→ Input:

-=-=-=-=-

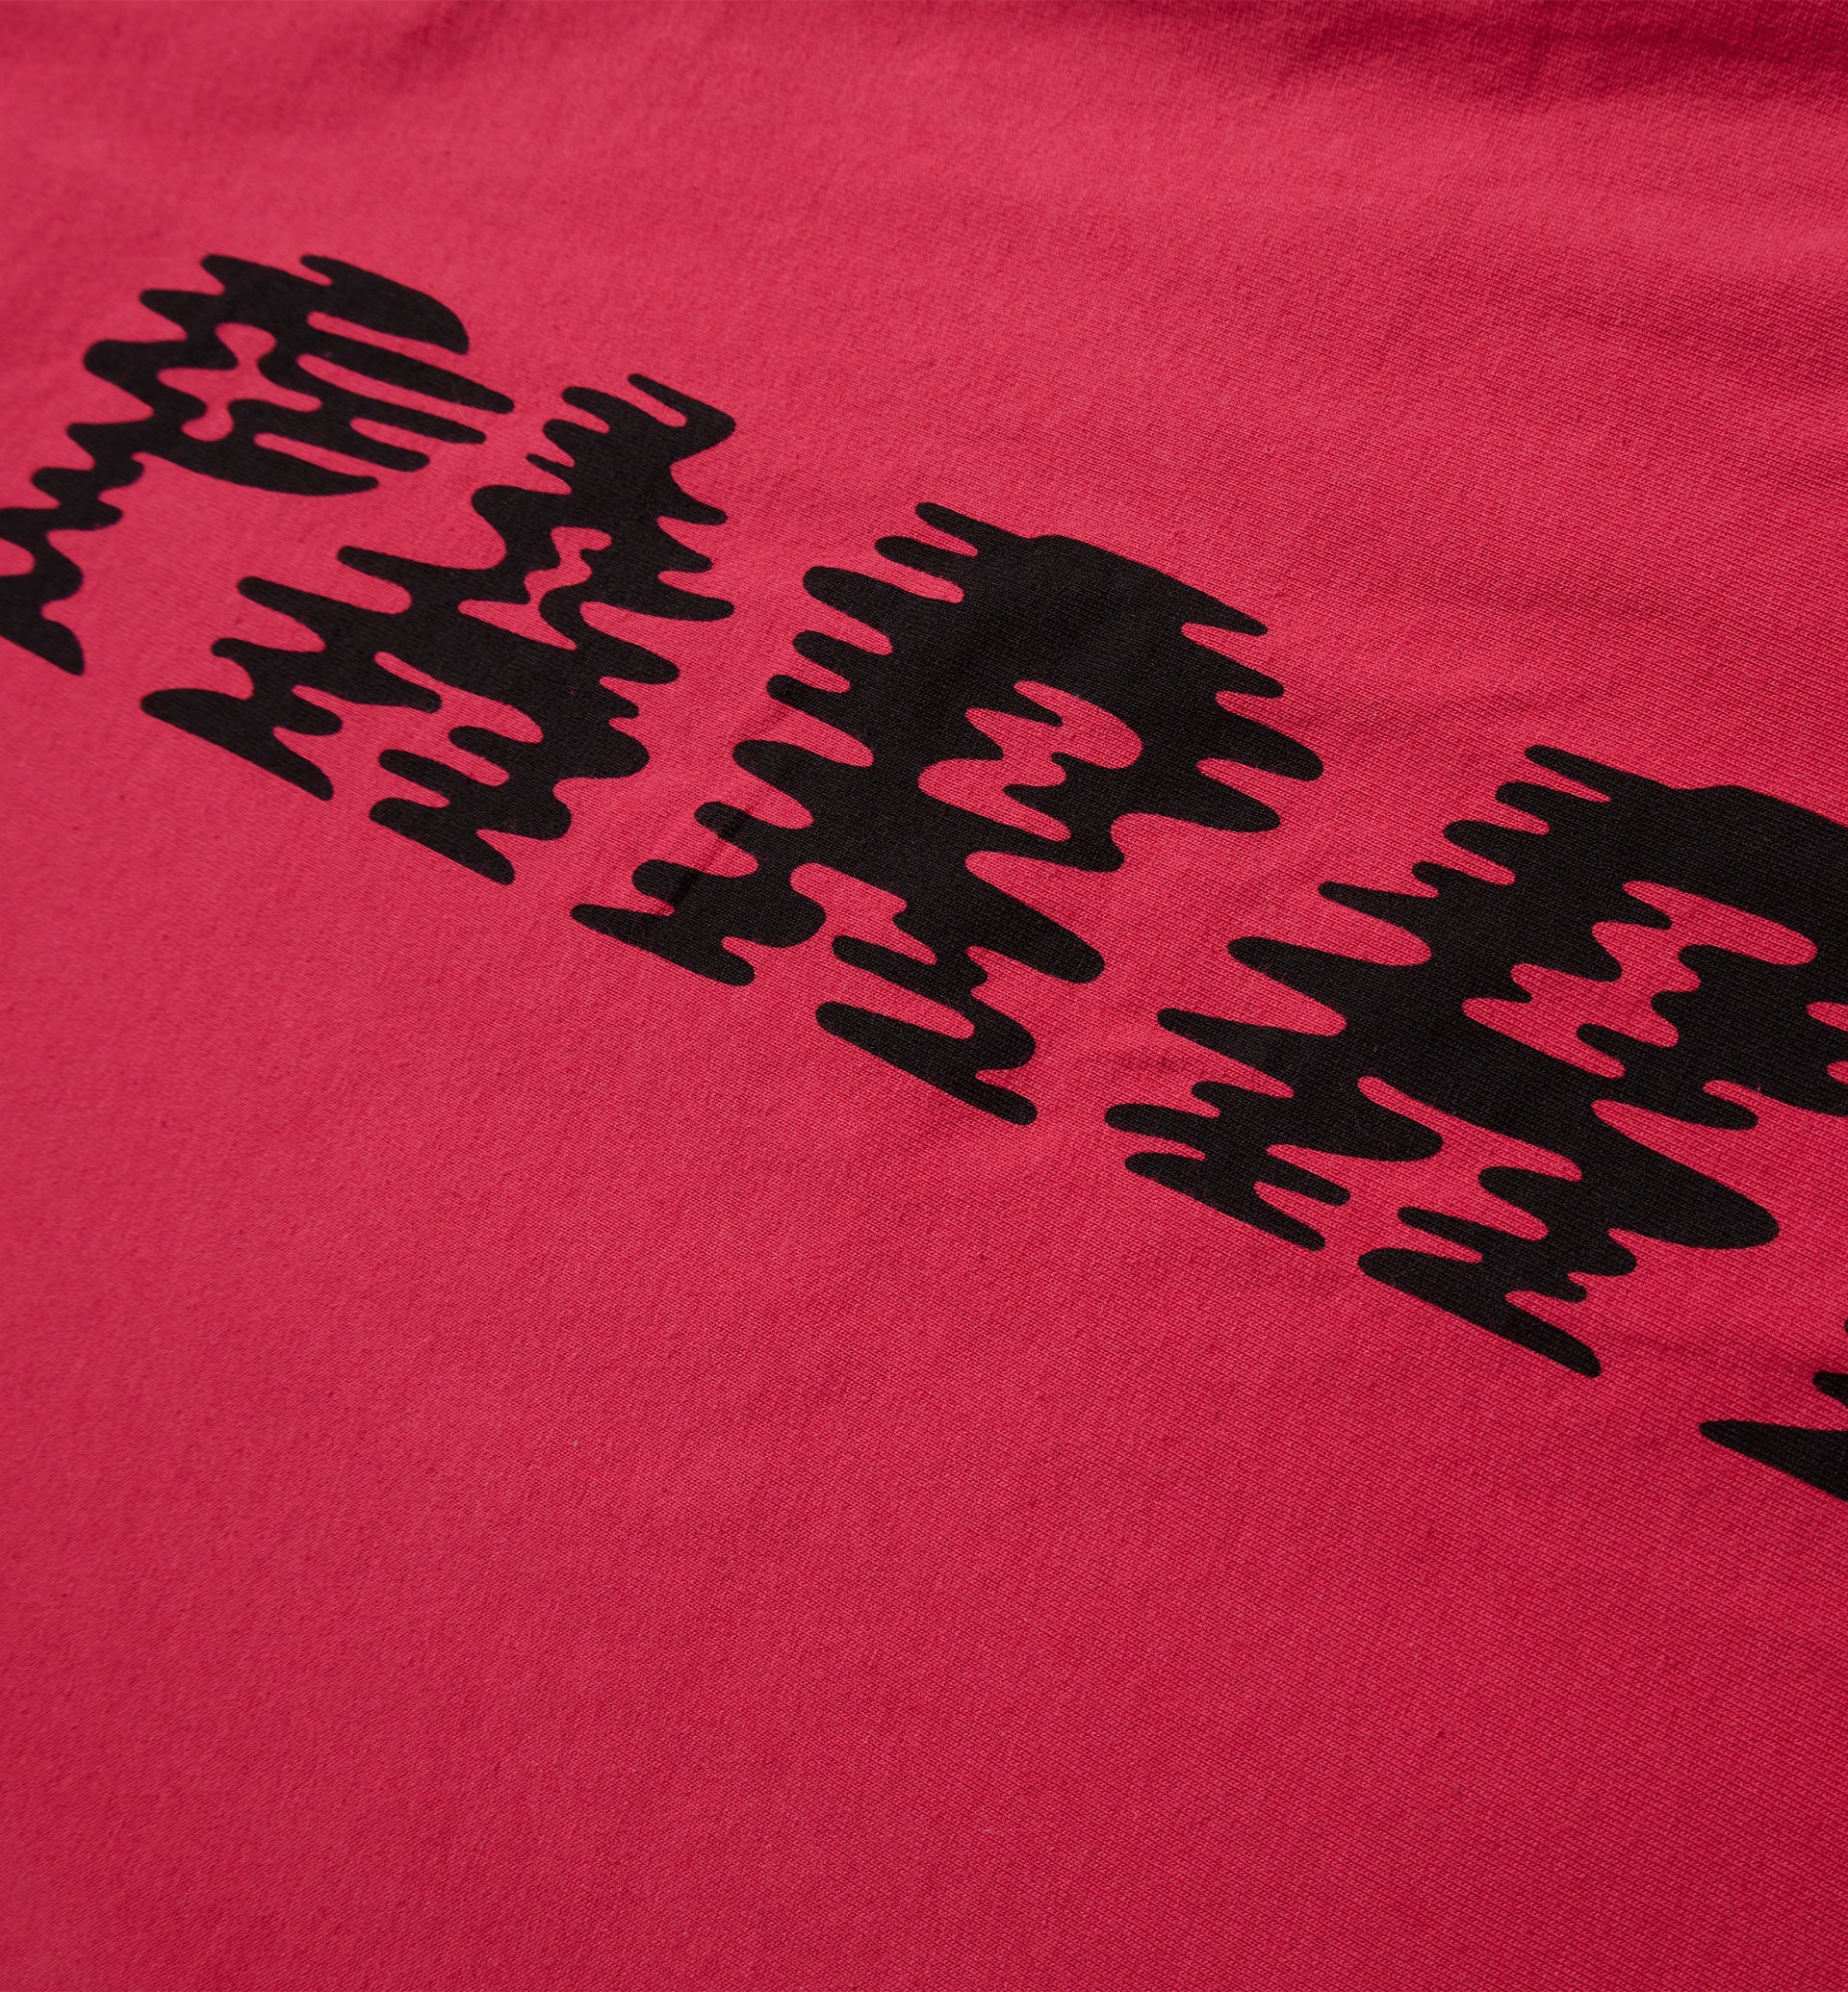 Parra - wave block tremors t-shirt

-=-=-=-=-

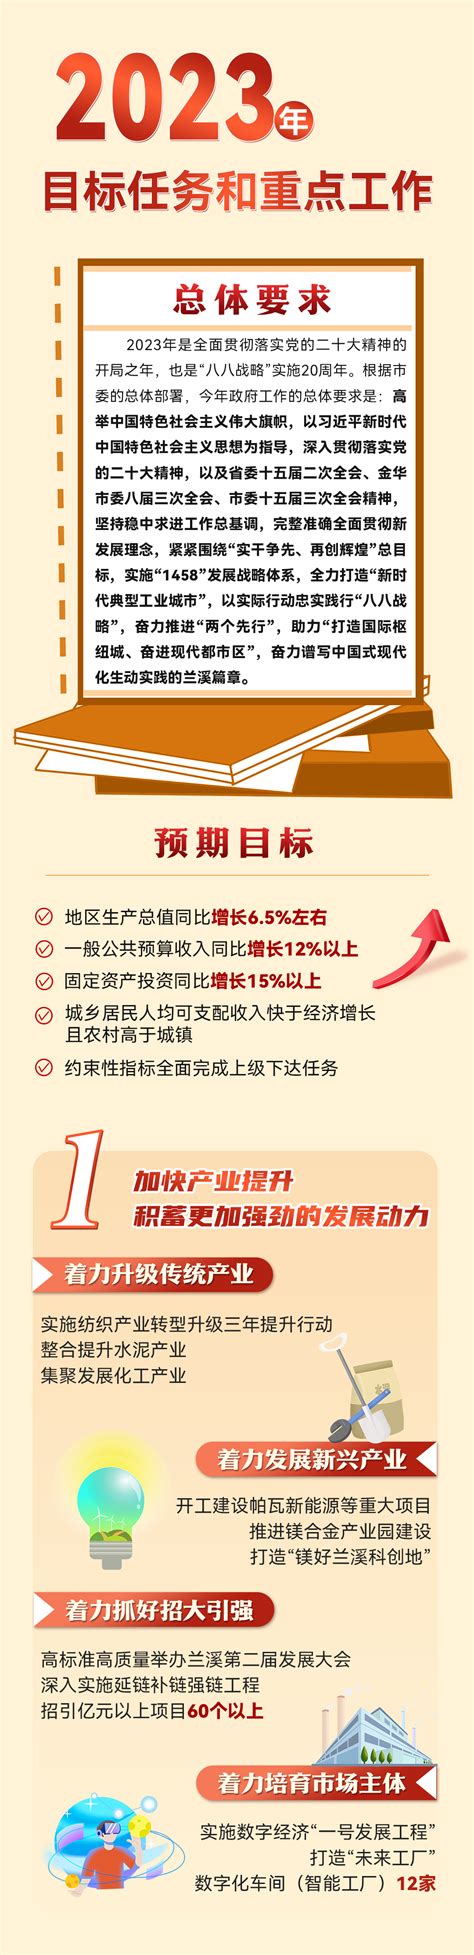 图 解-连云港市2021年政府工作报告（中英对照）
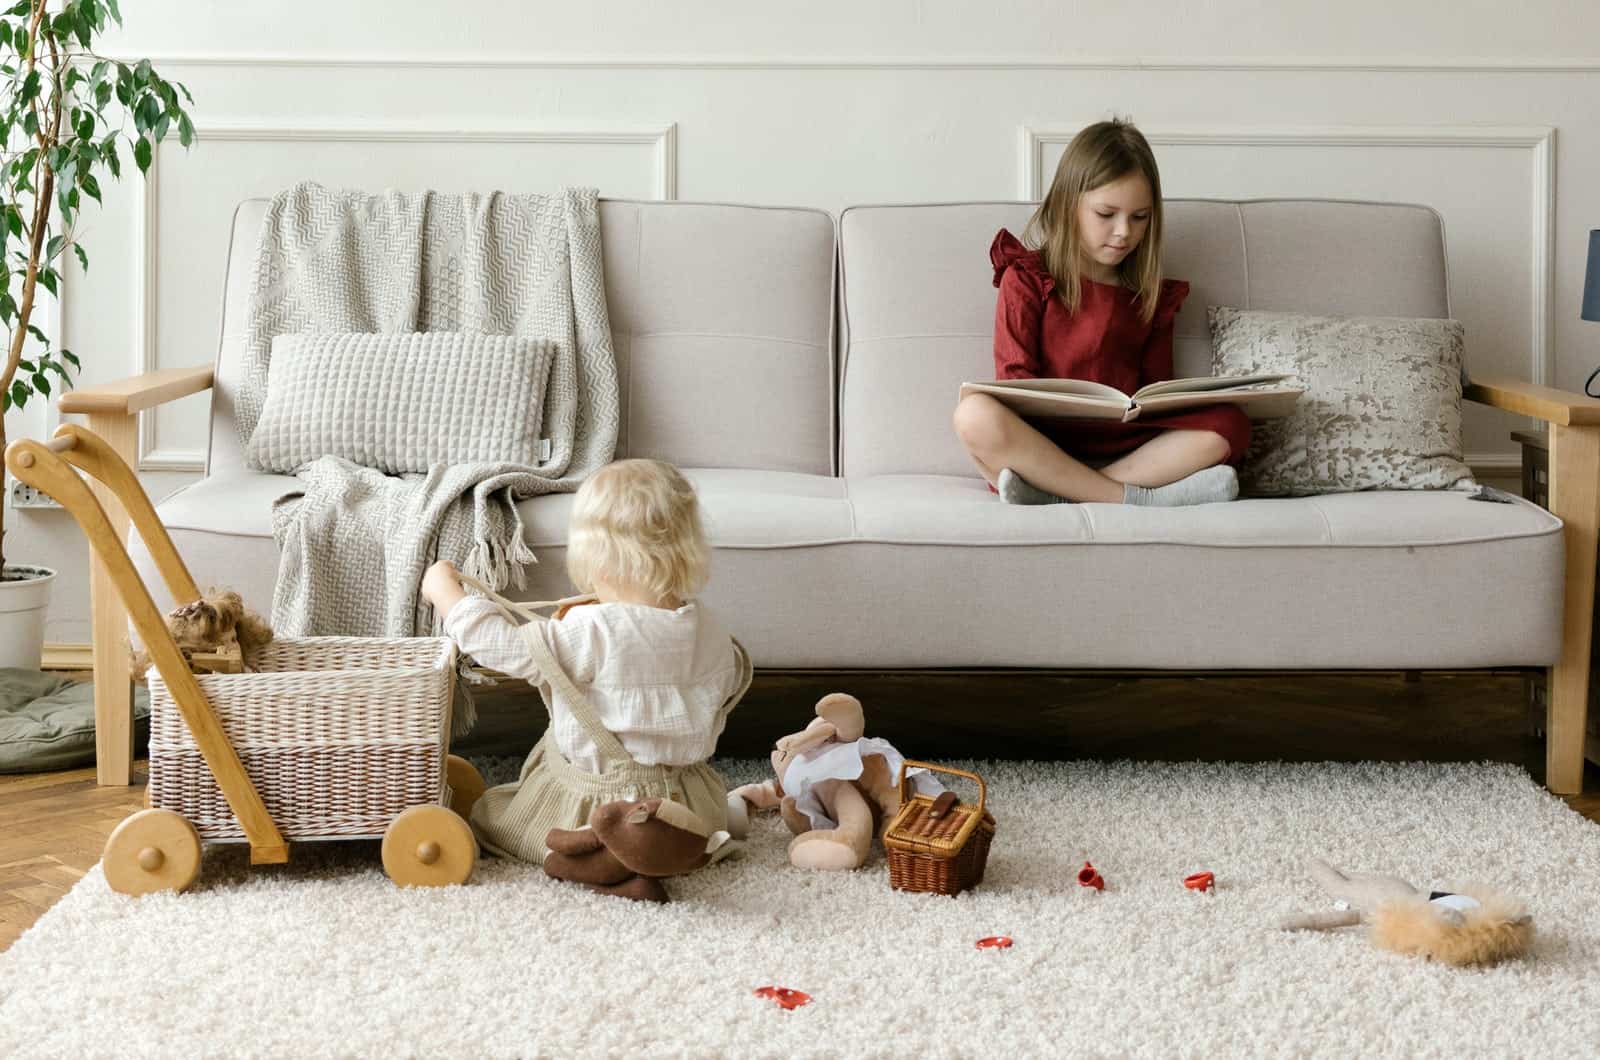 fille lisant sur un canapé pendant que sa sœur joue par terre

-=-=-=-=-

→ Task statement: Start with the line above containing "图 解-连云港市2021年政府工作报告（中英对照）" and end with the line containing "fille lisant sur". Set down that stretch exactly, without any pictures.

→ Task response:
 图 解-连云港市2021年政府工作报告（中英对照）
 fille lisant sur un canapé pendant que sa sœur joue par terre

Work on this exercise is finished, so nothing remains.